**What you have to do**
Verbatim copy, pictures excluded: every line from the one with "Jesus Saves Soccer" through the final line of the data below, and no other line.

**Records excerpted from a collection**
▶

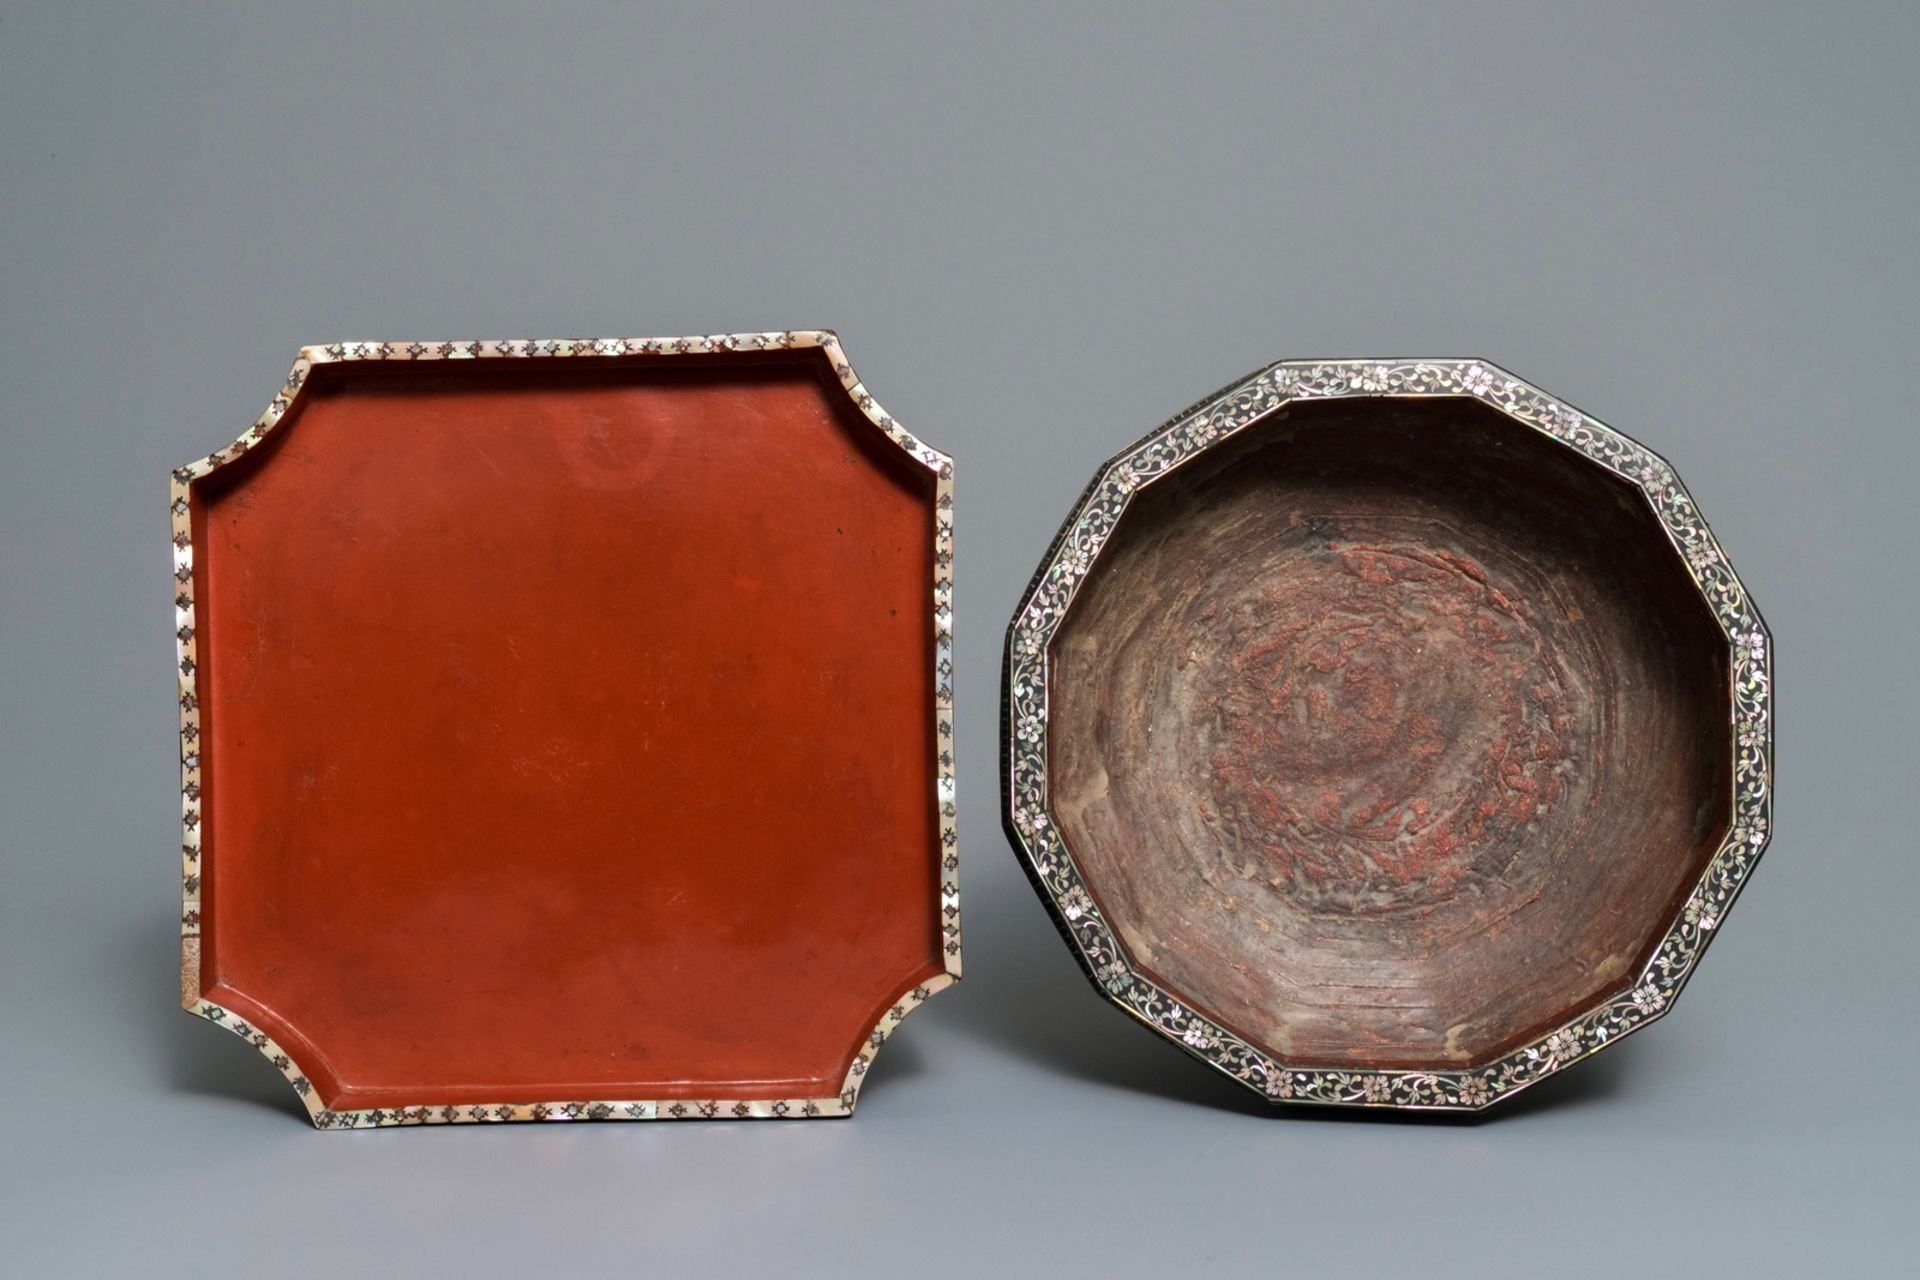 A varied collection of mother-of-pearl and mica-inlaid lacquerware, Southeast Asia, 19/20th C. - Image 4 of 10
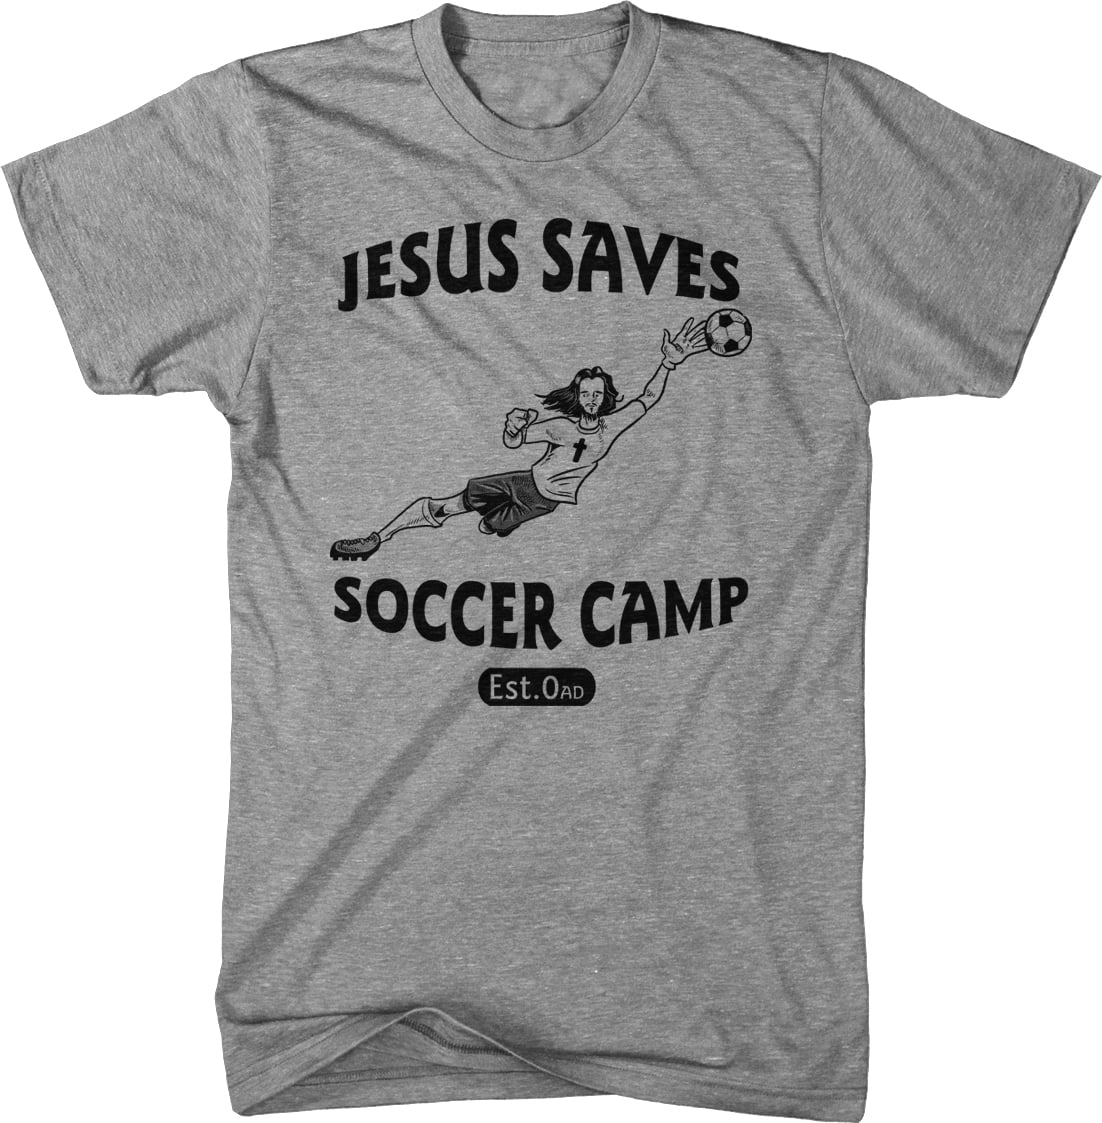 Jesus Saves Soccer Goalie T Shirt Funny Religion Football Sports Tee  (Heather Grey) - XL Graphic Tees 
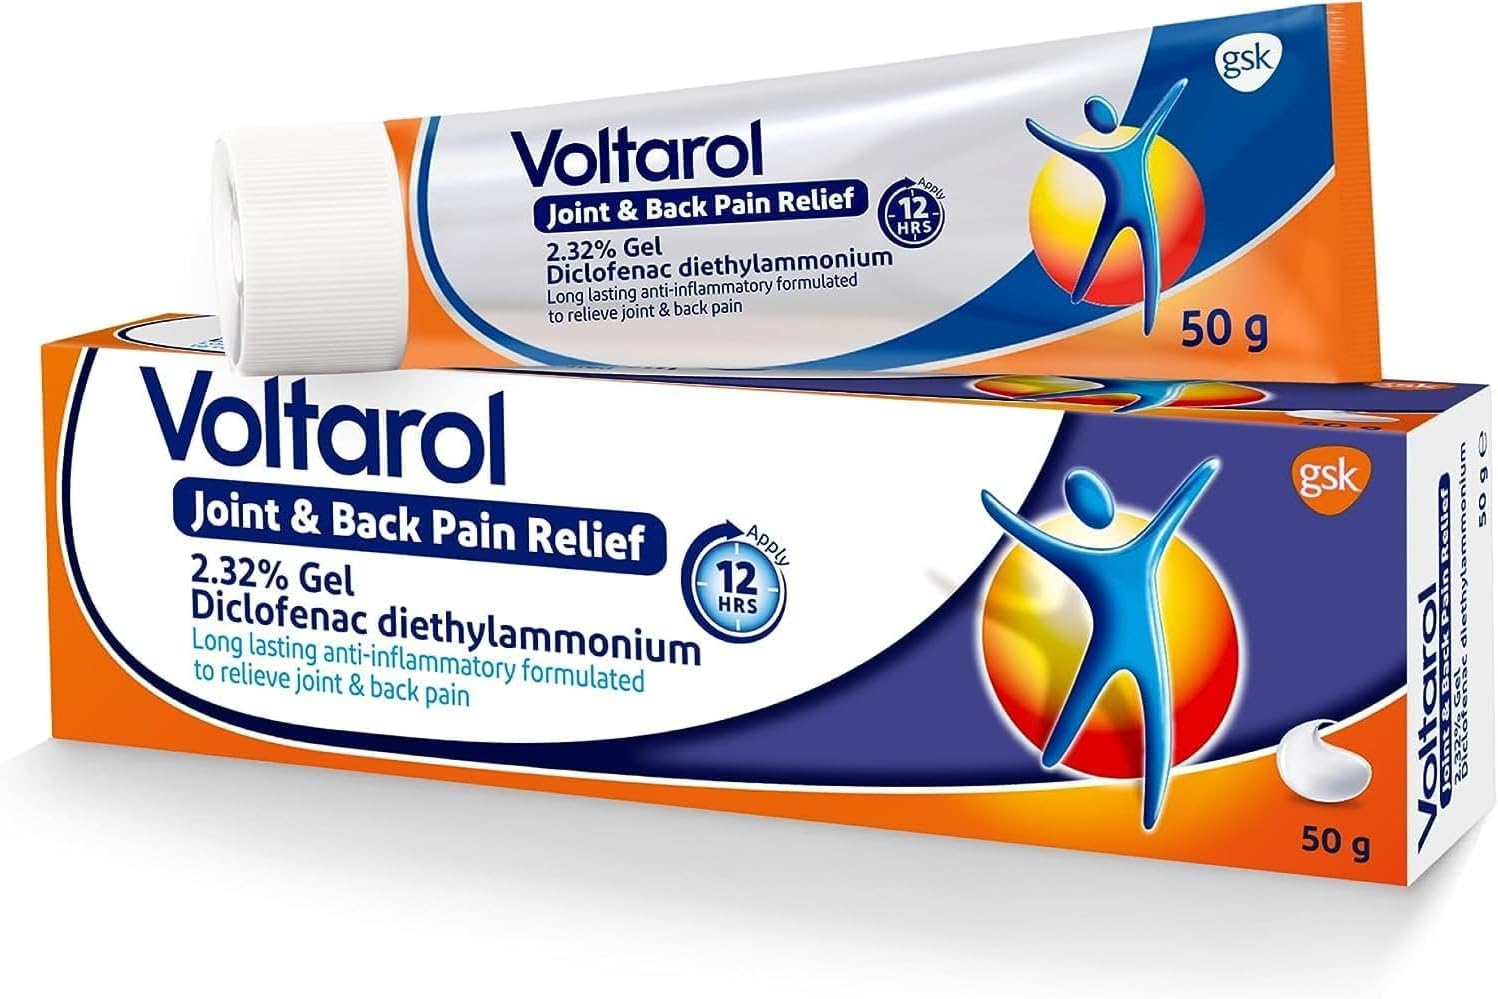 voltarol-pain-relief-gel-12-hour-joint-pain-relief-232-gel-packaging-may-vary-50-g-pack-of-1
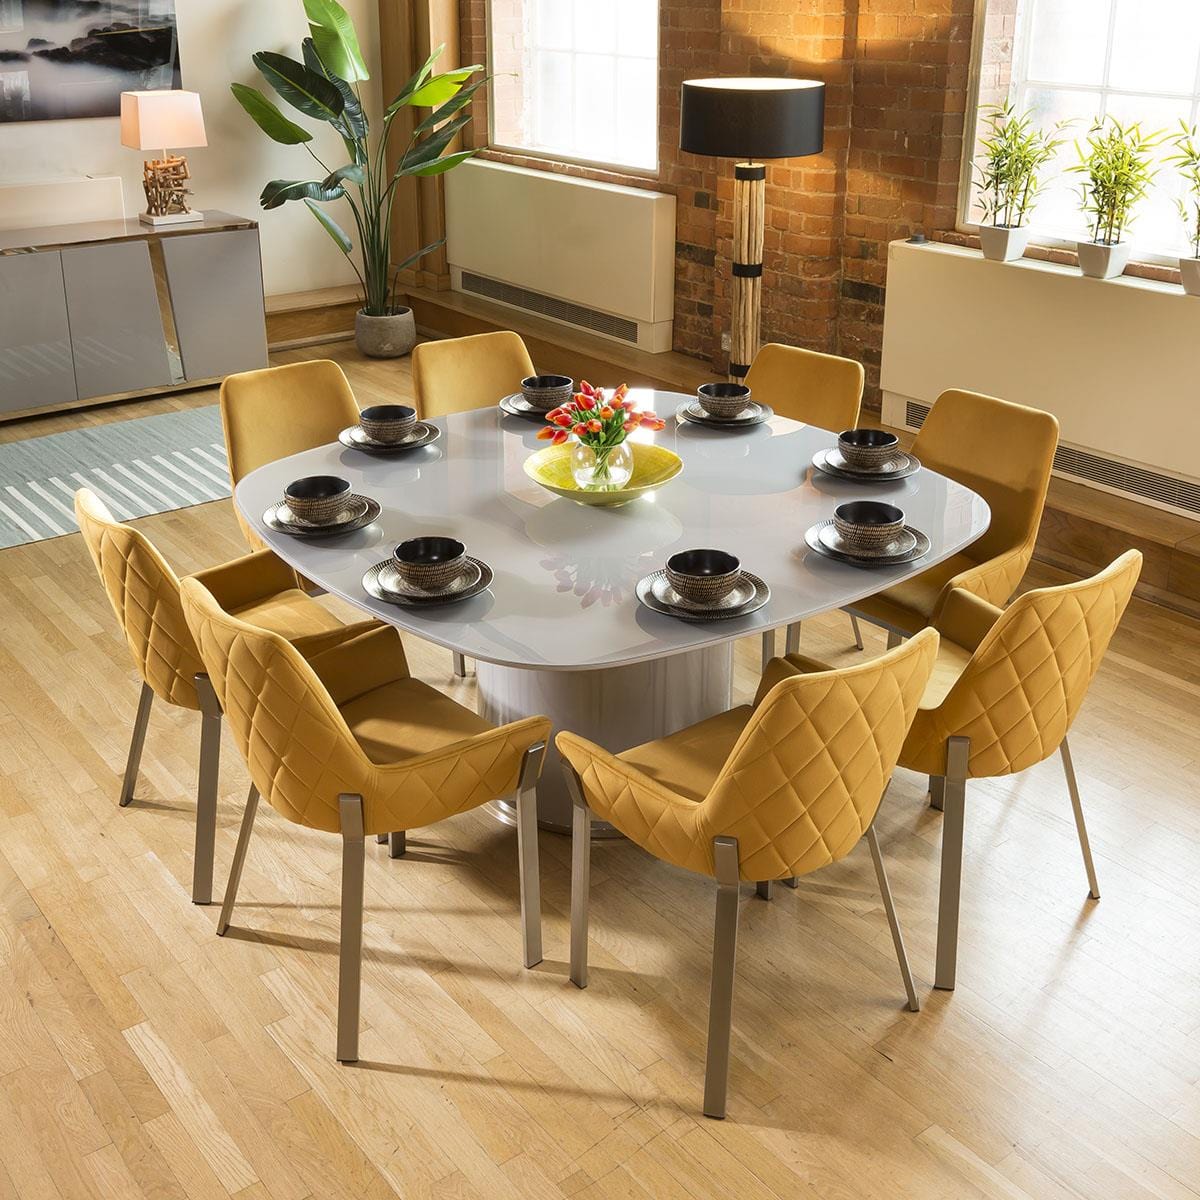 Quatropi Huge Grey Square Glass Top Dining Set & 8 x Mustard & Stainless Chairs
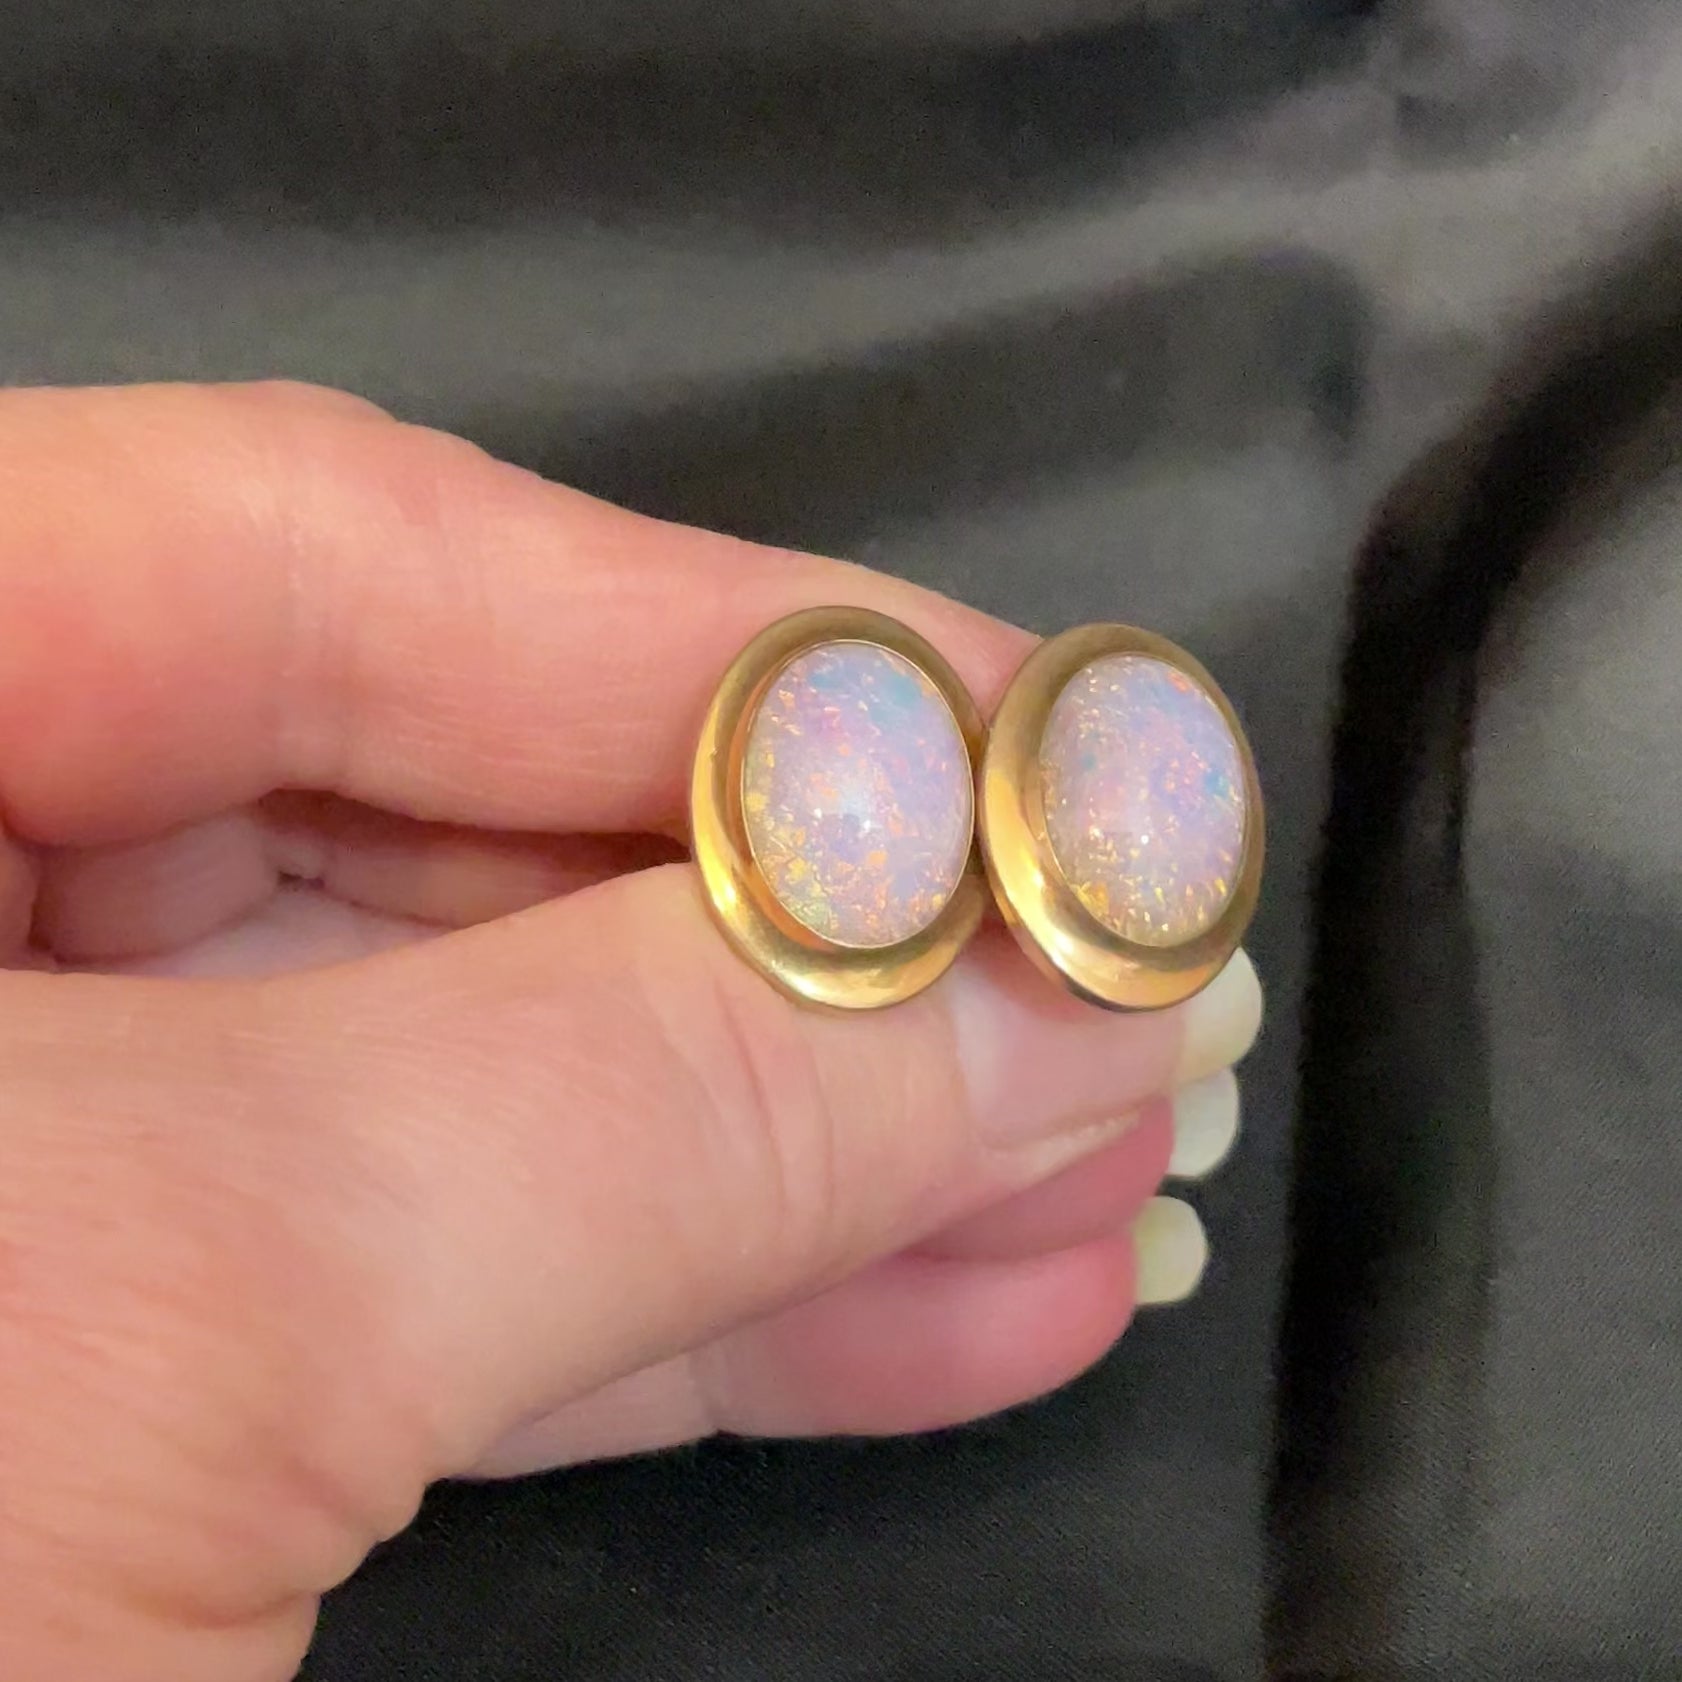 Video of the Correct Quality Mid Century vintage faux opal cufflinks showing the color flash in the light.

◀

**Problem solution**
 Jesus Saves Soccer Goalie T Shirt Funny Religion Football Sports Tee  (Heather Grey) - XL Graphic Tees 
 voltarol-pain-relief-gel-12-hour-joint-pain-relief-232-gel-packaging-may-vary-50-g-pack-of-1
 Quatropi Huge Grey Square Glass Top Dining Set & 8 x Mustard & Stainless Chairs
 Video of the Correct Quality Mid Century vintage faux opal cufflinks showing the color flash in the light.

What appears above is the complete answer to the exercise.